In the experience economy, finding an efficient way to turn mountains of customer data into actionable patterns and insights gives you a huge advantage. It enables you to personalize with precision—helping you reach the right customer at the right touchpoint at the right time.
Traditionally, highly educated data scientists carried out the daunting task of data analysis. These experts would painstakingly sift through the data—collecting, organizing and processing. Then, they’d develop a model using python or a framework and run the data through them over and over again until insights materialized. This took a great deal of time, effort and specialized skill.
But today, with the help of artificial intelligence, the standard person is able to perform complex data science at a much quicker pace. In fact, 40% of data science tasks are now automated through the use of Salesforce Einstein Discovery and other auto machine learning tools. These breakthroughs have paved the way for citizen data scientists (marketers and other non-technical professionals) who can now build data models and leverage AI without the use of code. No-code data science isn’t just an additional responsibility for marketers to take on—it’s an emerging career path that can transform how businesses operate.
Who are citizen data scientists? What do they do?
“Citizen Data Scientist” isn’t typically a job title—it’s a designated role performed by a data analyst, Einstein product owner, CRM lead, marketing operations manager, etc. Instead of having to determine which algorithm is correct and develop the model by hand, citizen data scientists use AI tools like Einstein to delve into new data, create and deploy models and improve existing models to gain insight.
What are the benefits of Einstein Discovery?
Einstein Discovery uses automated machine learning to reduce the statistical analysis and coding that data scientists would otherwise have to do manually. It automatically pinpoints the best data sets and tells you the best model to use in order to achieve the outcome you want. And you can do all that in 30 seconds rather than the weeks and months it would take manually. Essentially, you get a ton of value with a lot fewer hours and specialties needed.
What does this look like in practice?
Whether you’re doing traditional data science or citizen data science, you always need to start with the business objective and outcome. What are you trying to achieve with this model? What are you trying to predict? Once you go through the business criteria and understand the goals, the actual model creation takes minutes.

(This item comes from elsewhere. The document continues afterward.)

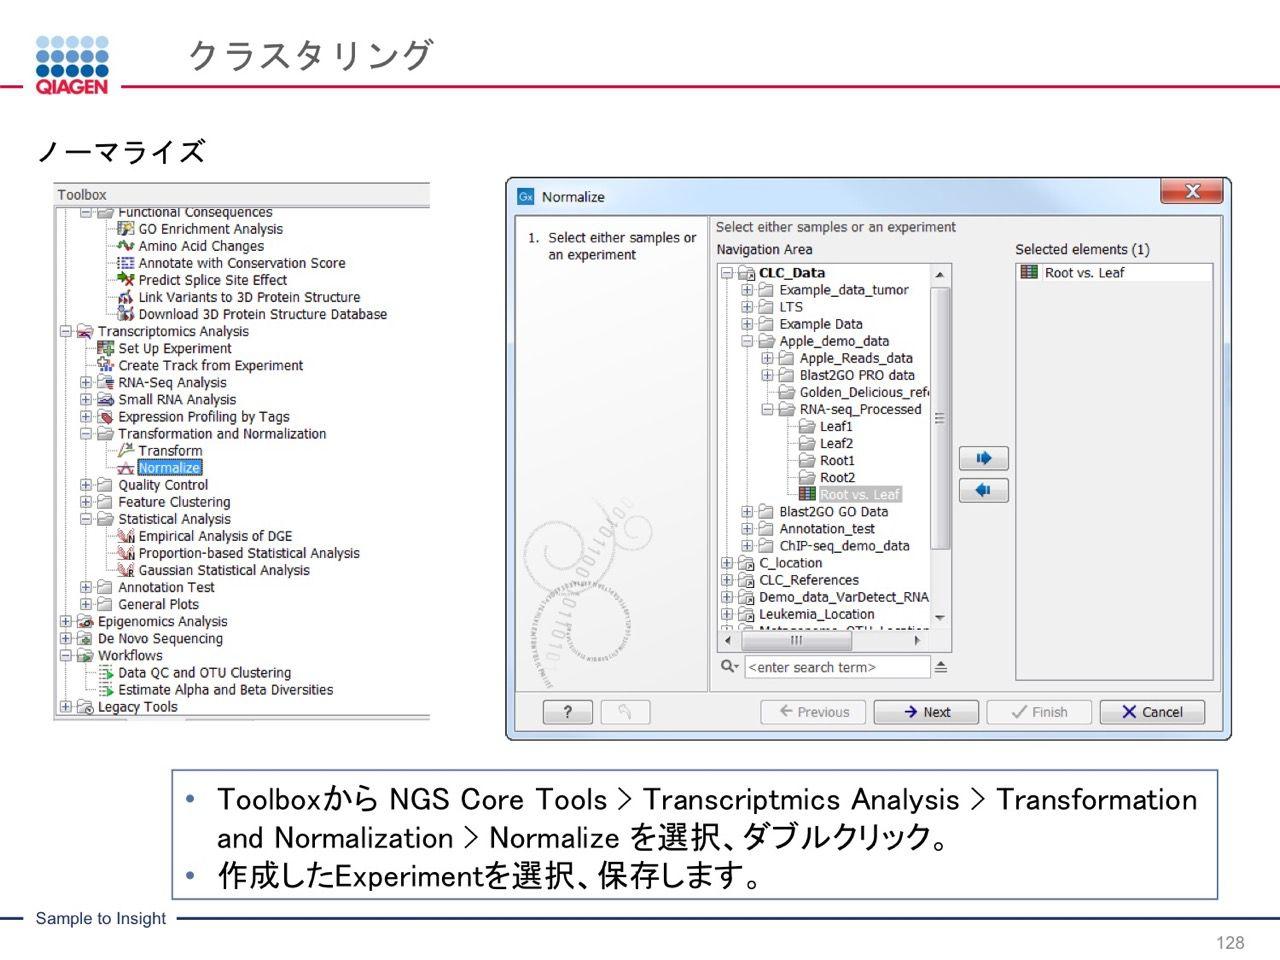 images/AJACSa2_miyamoto_128.jpg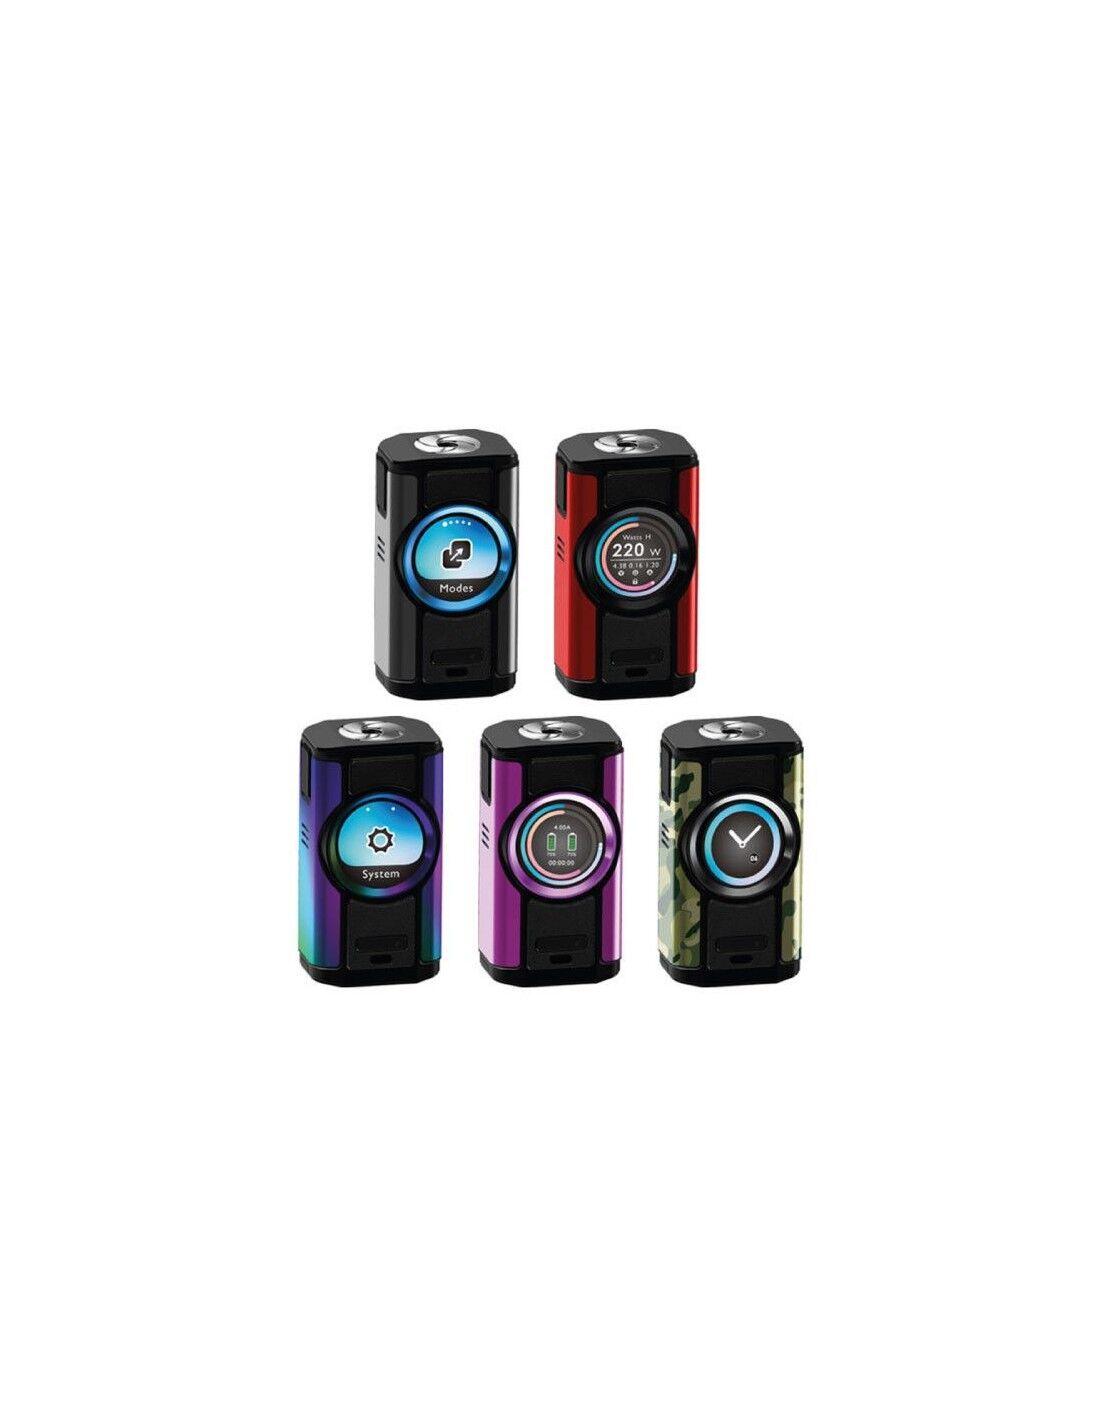 Aspire Dynamo Batteria Mod, Sigaretta Elettronica Con Potenza Massima 220w Tc Mode

At Horizontal, we use machine learning internally to support our sister company, Horizontal Talent, a global leader in IT staffing. We pull information from our application management system and use Einstein to predict probabilities of success. For example, if a company comes to us with a need to hire a front-end developer, Einstein can tell our account managers that we’re 62% likely to win the opportunity. The prediction also includes the reasoning behind the percentage and provides insight on how to improve the likelihood. This allows the account manager to make tweaks to increase their chances.
What are some challenges in the citizen data science industry?
There are two main challenges that companies run into with citizen data science. The first is when there are issues with the data itself. This is when the data contains errors, gaps or inconsistencies. Einstein is great at finding outcomes. But if you feed it bad data, it’s going to spit out inaccurate predictions. The way to solve bad data is through training and governance.
The second common challenge is when companies feed the wrong data into a model. To solve this, you need to understand the outcome you’re trying to achieve and the things that influence it on a day-to-day basis. You may need to walk through different scenarios with your business reps to understand the significance of data points in the CRM.
What are the biggest opportunities?
Every single one of our clients is talking about AI. But no one knows how to get into it. So now that the barrier to entry has been lowered, it’s easier for companies to take advantage of AI with citizen data science. Now, problems that previously would’ve taken months and hundreds of thousands of dollars to figure out can be solved with much less effort and cost.
Building data science models has always been the hardest part. But now, users of AI tools like Salesforce and Sitecore can create them with the click of a button. Rather than upskilling your teams, you just need to figure out the right type of problem to solve.